» **ACTION ITEM**:
Produce exactly the lines from the one holding "Appartement - Woluwe-Saint-Lambert" through the last line of the data below, with every picture left out.

» **RECORDS FOR THE TASK**:
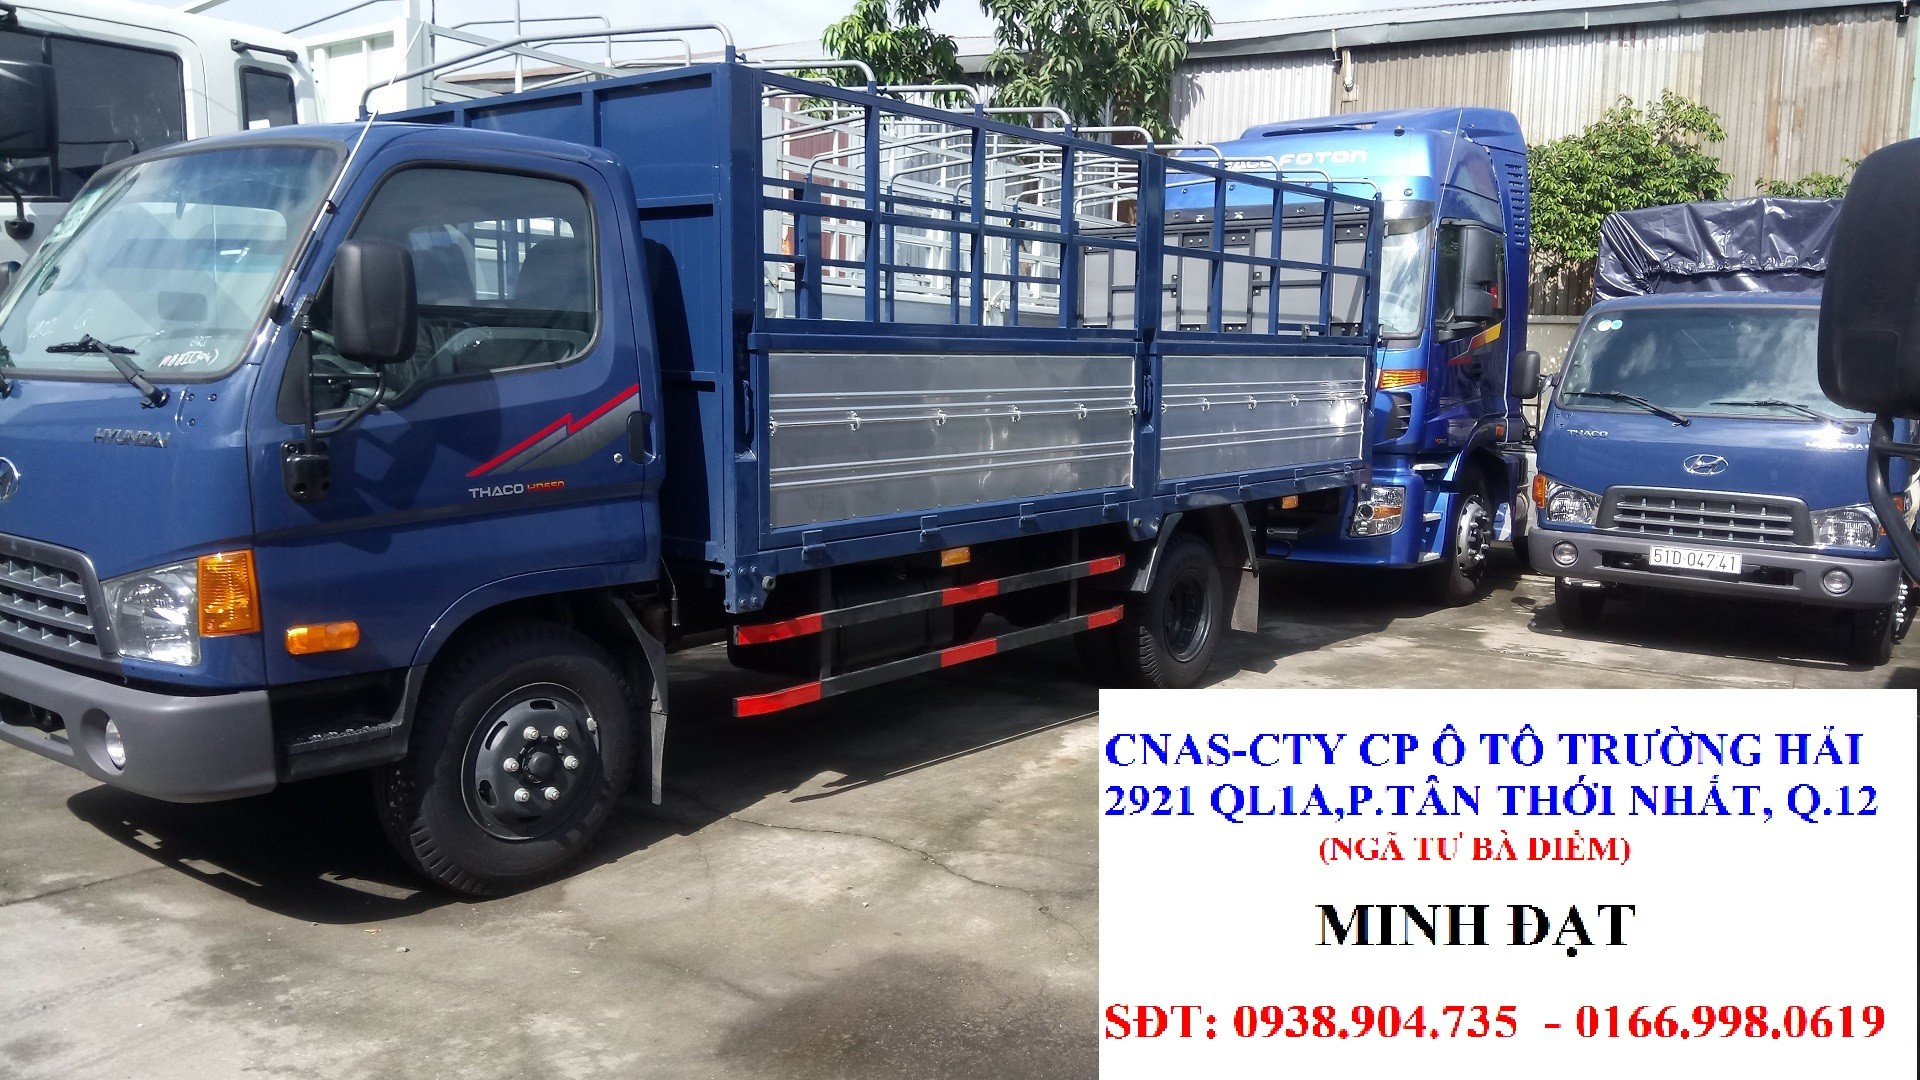 Bán xe tải HuynDai 6 tấn 5, xe tải HuynDai 5 tấn, xe tải thaco HuynDai 5 tấn, xe tải HuynDai 6t5 trả góp 2017 Ảnh số 41494337
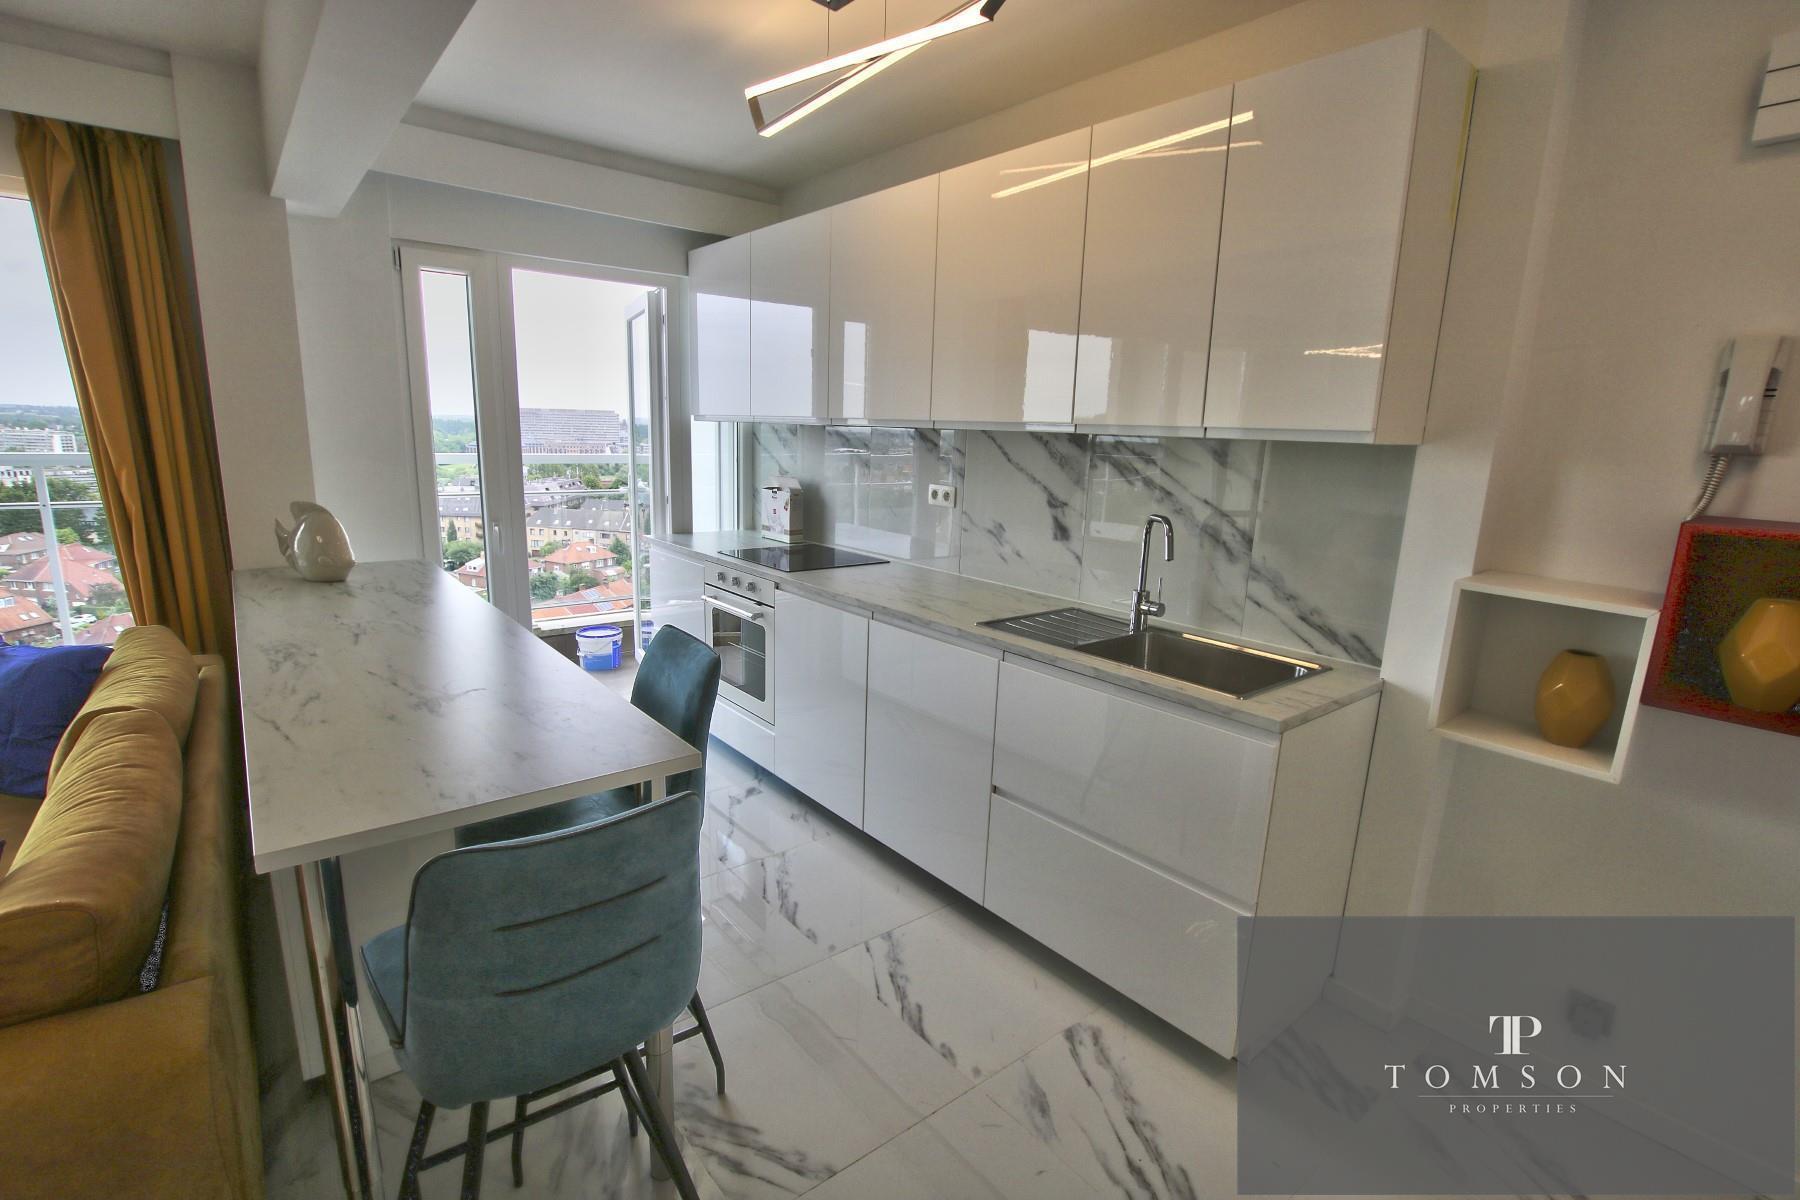 Appartement - Woluwe-Saint-Lambert - #4530512-2
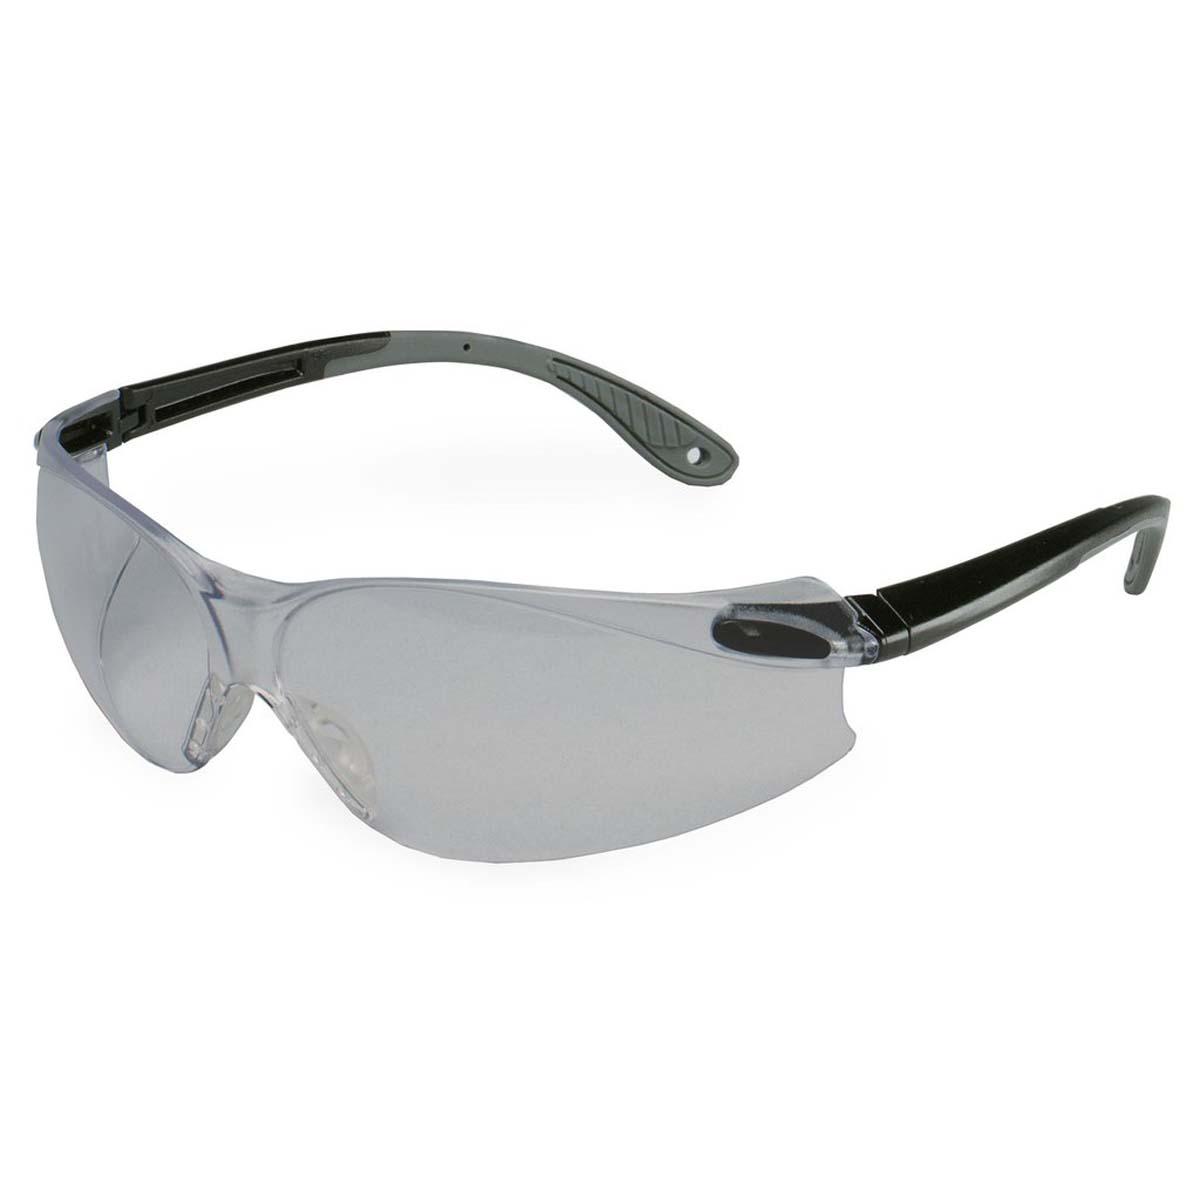 "3Mâ""¢ Virtuaâ""¢ V4 Protective Eyewear 11671-00000-20 Gray HC Lens, Black/Gray Temple"
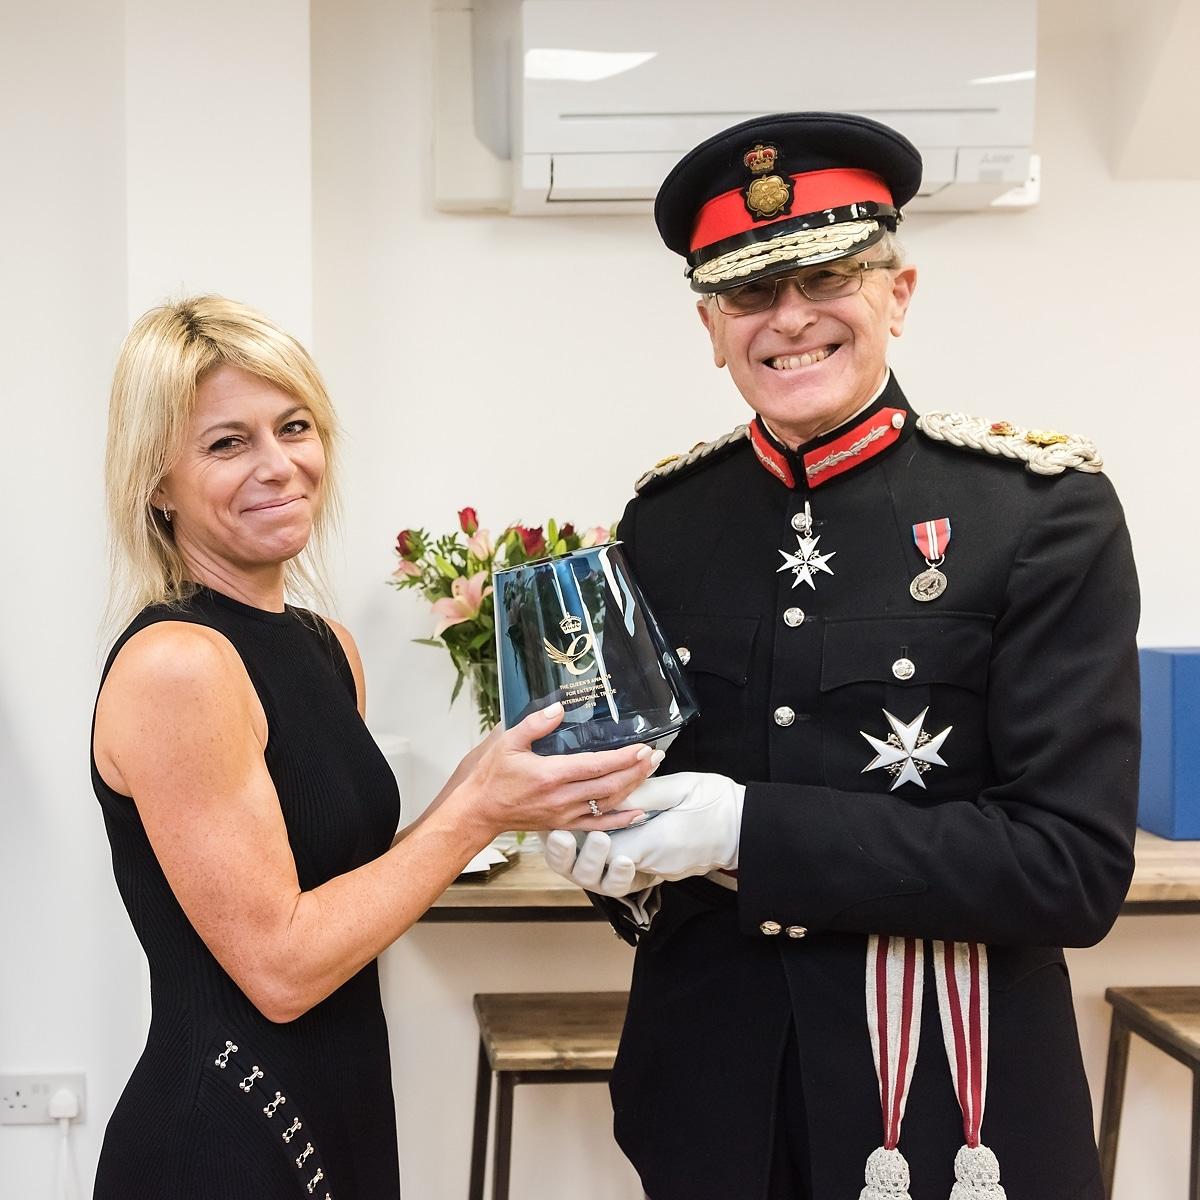 Customer Thermometer queen's award reception lindsay willott
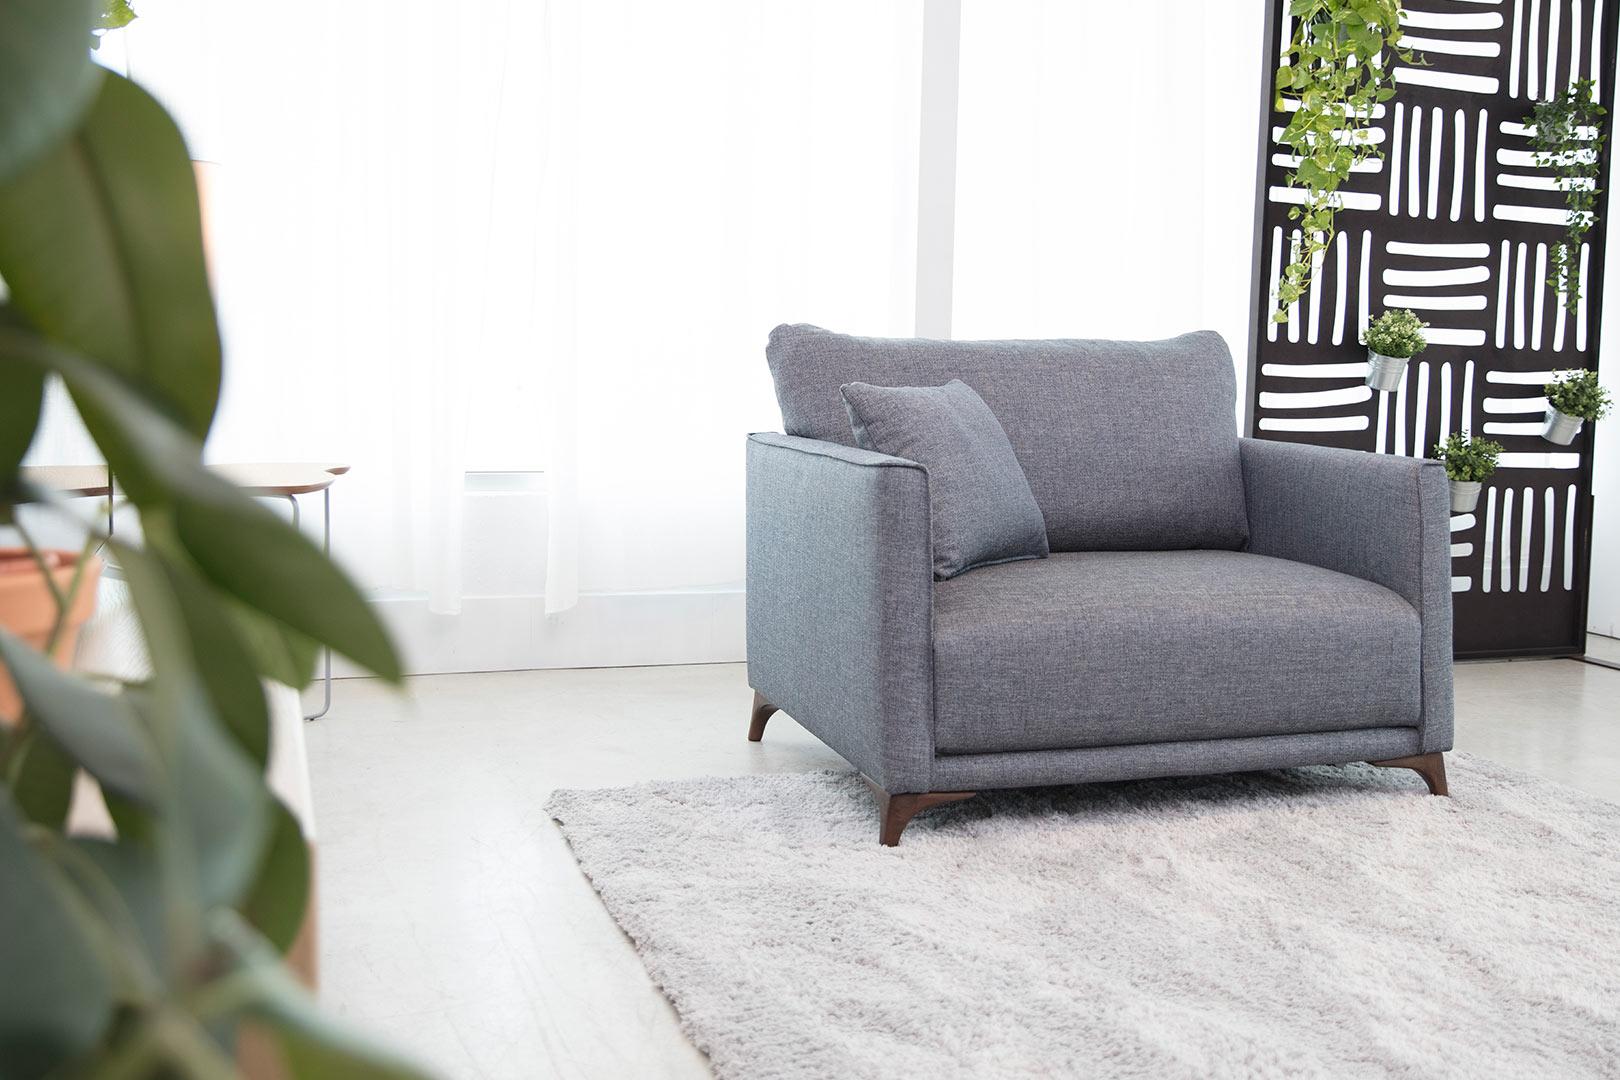 Dali sillón cama 2020 01

» **ANSWER TO THIS PROBLEM**:
 Appartement - Woluwe-Saint-Lambert - #4530512-2
 "3Mâ""¢ Virtuaâ""¢ V4 Protective Eyewear 11671-00000-20 Gray HC Lens, Black/Gray Temple"
 Customer Thermometer queen's award reception lindsay willott
 Dali sillón cama 2020 01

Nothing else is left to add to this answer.